Tim perumus mulai mengidentifikasi hal-hal yang berkaitan dengan profil Dagadu Djokdja dan didapatkan beberapa konsep bahwa :
Pertama, Dagadu Djokdja adalah brand cinderamata dari Jogja yang cukup dikenal orang. Kedua, penggunaan istilah Dagadu juga sering dianggap sebagai kata generik untuk kaos cinderamata di Yogyakarta, walaupun bukan produksi Dagadu Djokdja. Selanjutnya yang ketiga, desain dan copywrite yang unik dan menggelitik. Ide keempat salah satu pionir kaos bergrafis. Kelima, tenar karena lebih karena produk dan words of mouth versus iklan. Keenam, logo terkenal – setidaknya yang muda di era 1994 hingga awal tahun 2000. Ketujuh, banyak dipalsu: design, merek, dan logo.

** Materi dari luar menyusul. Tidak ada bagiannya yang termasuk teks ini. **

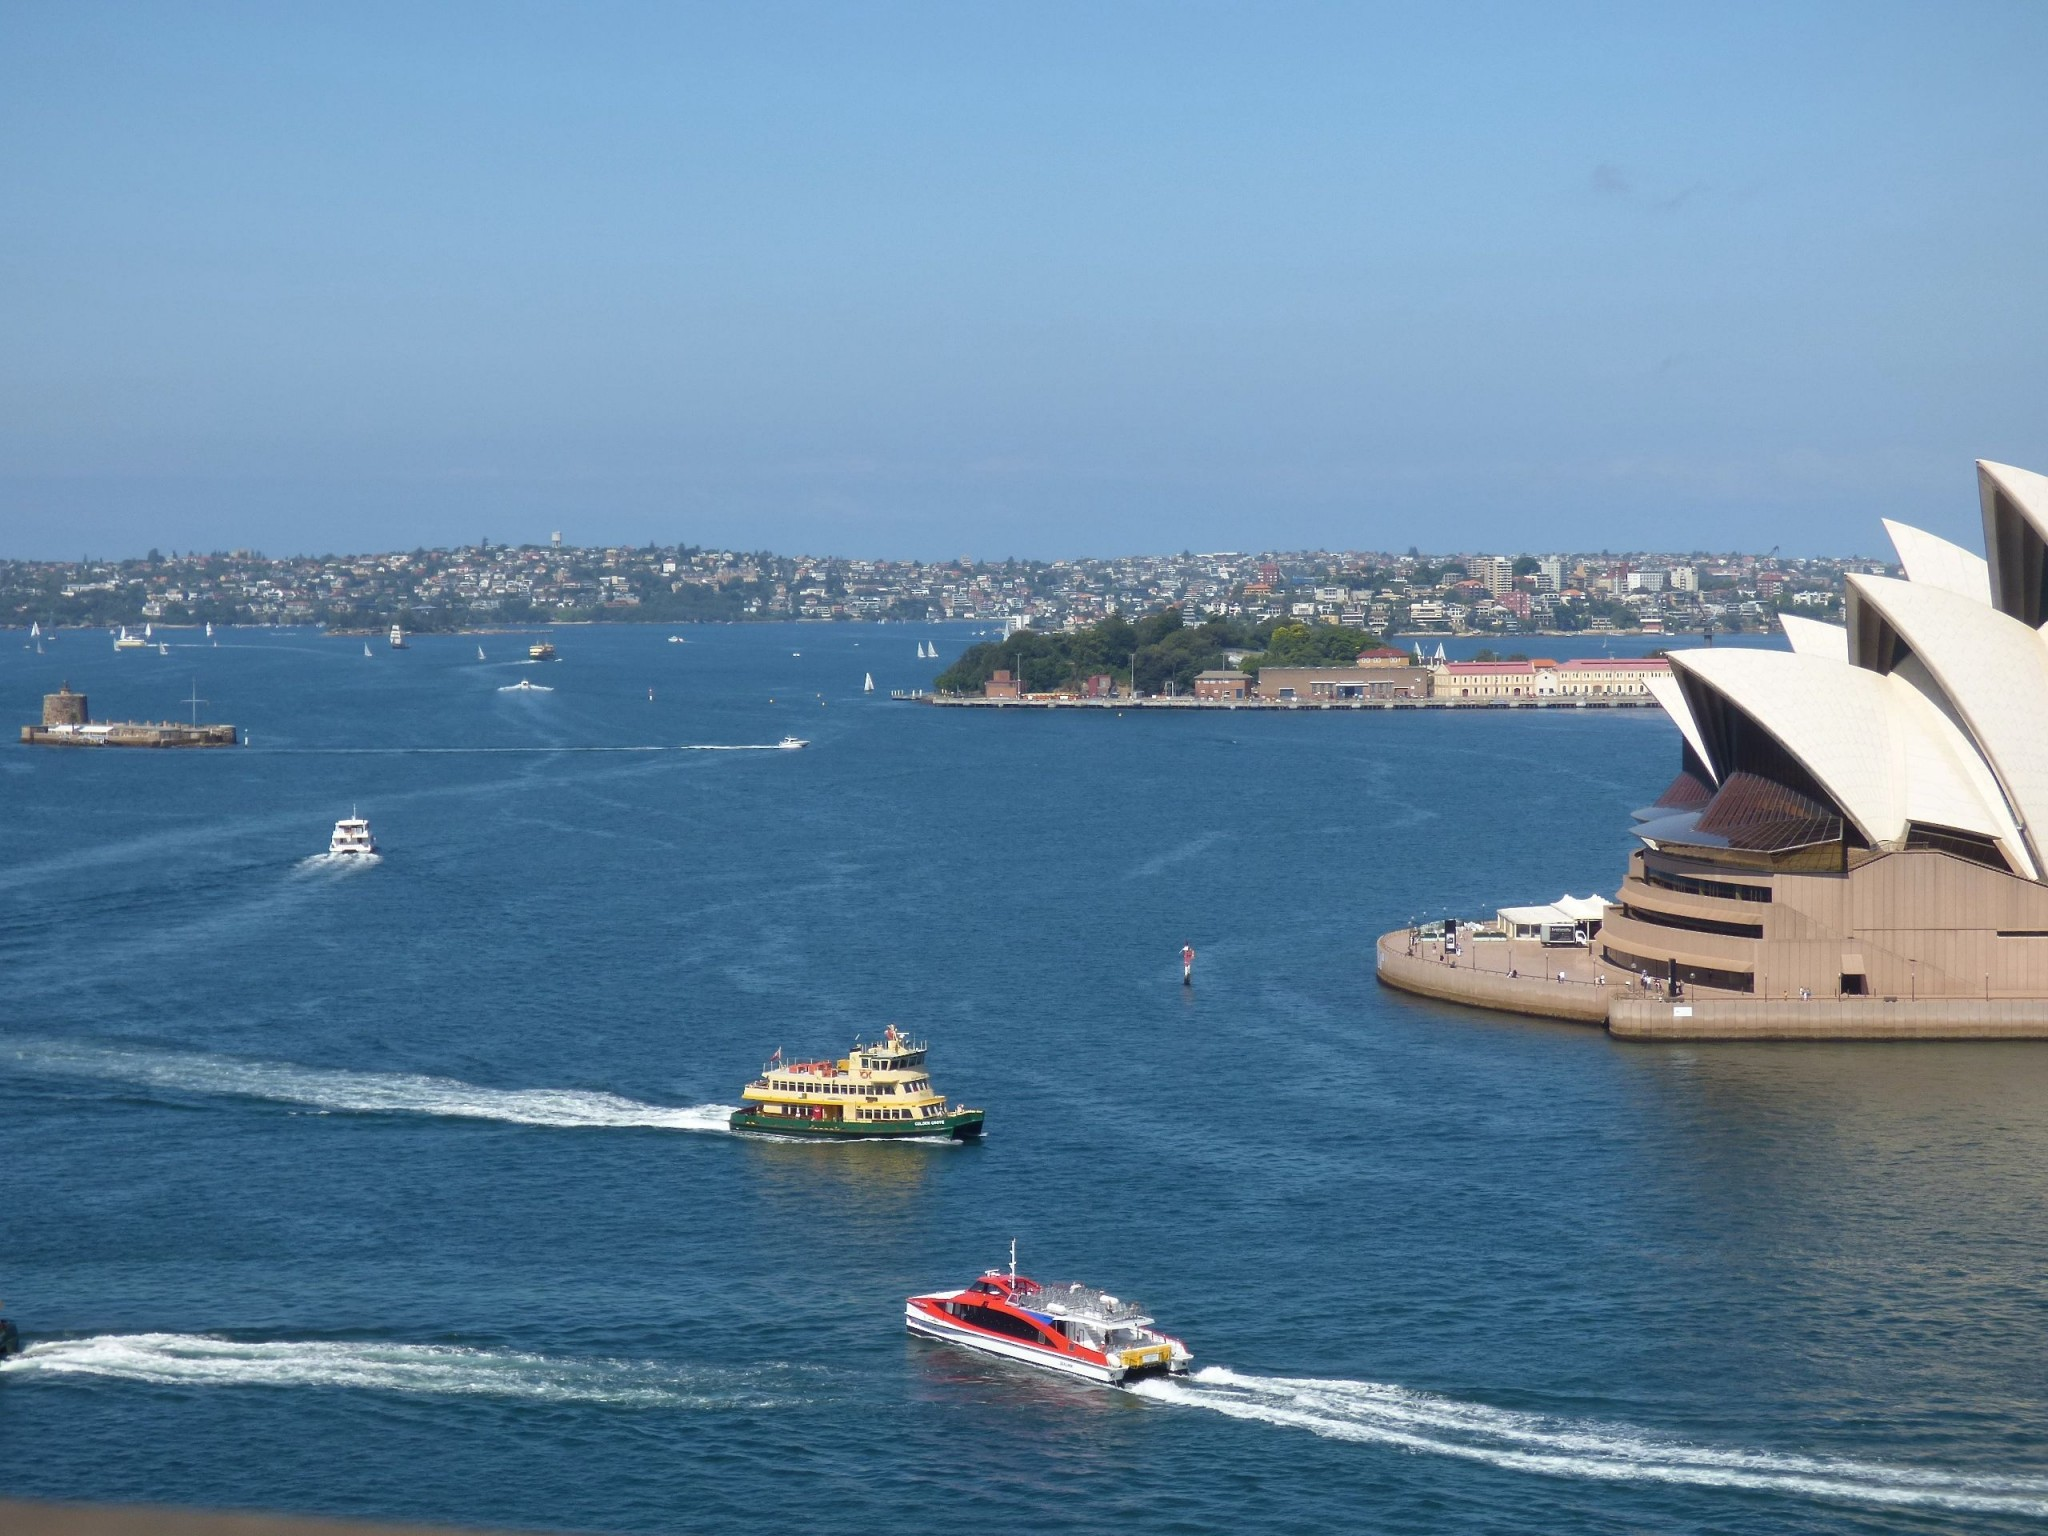 Oopperatalo Sydney

Selain brand profile, juga mulai dituliskan tentang Segmentasi, Target, dan Positioning , yaitu : menyasar segmentasi wisatawan pria, wanita, dan keluarga dengan range usia 18- 35 tahun, sedangkan positioning adalah cinderamata alternatif khas Djokdja. Dalam konsep ini mulai terlihat perubahannya yaitu pada sasaran usia target pasar , dulu menyasar pasar usia 14 tahun-40 tahun, rebranding menyasar 18 tahun-35 tahun. Hal ini dikuatkan dengan pendapat narasumber :
Kalau bicara tentang target market masih sama yaitu wisatawan yang datang ke Jogja, set up di range usia saat ini 18 tahun-35 tahun, kalau dahulu range usia ini ditarik lebih panjang menjadi 14 tahun-40 tahun (Narasumber 3).
124 Menyangkut soal positioning dalam rapat sempat tercetus menjadikan Dagadu sebagai “Tanda Baca dari Djokdja”, yaitu Dagadu mengungkapkan desain produk dengan semiotis juga menyuarakan kritik terhadap kota. Namun ide ini dibatalkan, dan lebih dipilih positioning yang lama.
Brand Dagadu menyasar pasar dengan Socio Economic Status (SES), A, dan B. Profil konsumen yang akan membeli produk Dagadu adalah konsumen yang berpikir dan cinta Yogyakarta, dengan karakter konsumen yang pintar, senang humor, dan berminat pada isu perkotaan, budaya, dan semua hal tentang Yogyakarta. Hal ini dikuatkan dengan tagline yang tetap menggunakan tagline lama : Smart, Smile&, Djokdja.
Sementara saat mendesain profile DGD, Tim Perumus Rebranding berfokus pada target pasar yang mau disasar yaitu kaum urbanites, kelas SES A dan B, dengan rentang usia 18-35 tahun atau orang-orang dengan semangat muda (young at heart). Dengan menggunakan konsep kata ini maka mulai dicari lebih dalam hal-hal yang berhubungan dengan karakter konsumen DGD. Tagline yang diusung adalah “Nature. Culture. Nurture.” , hal ini juga mencerminkan desain produk DGD yang banyak mengolah desain alam, budaya, dengan tujuan memelihara budaya Indonesia.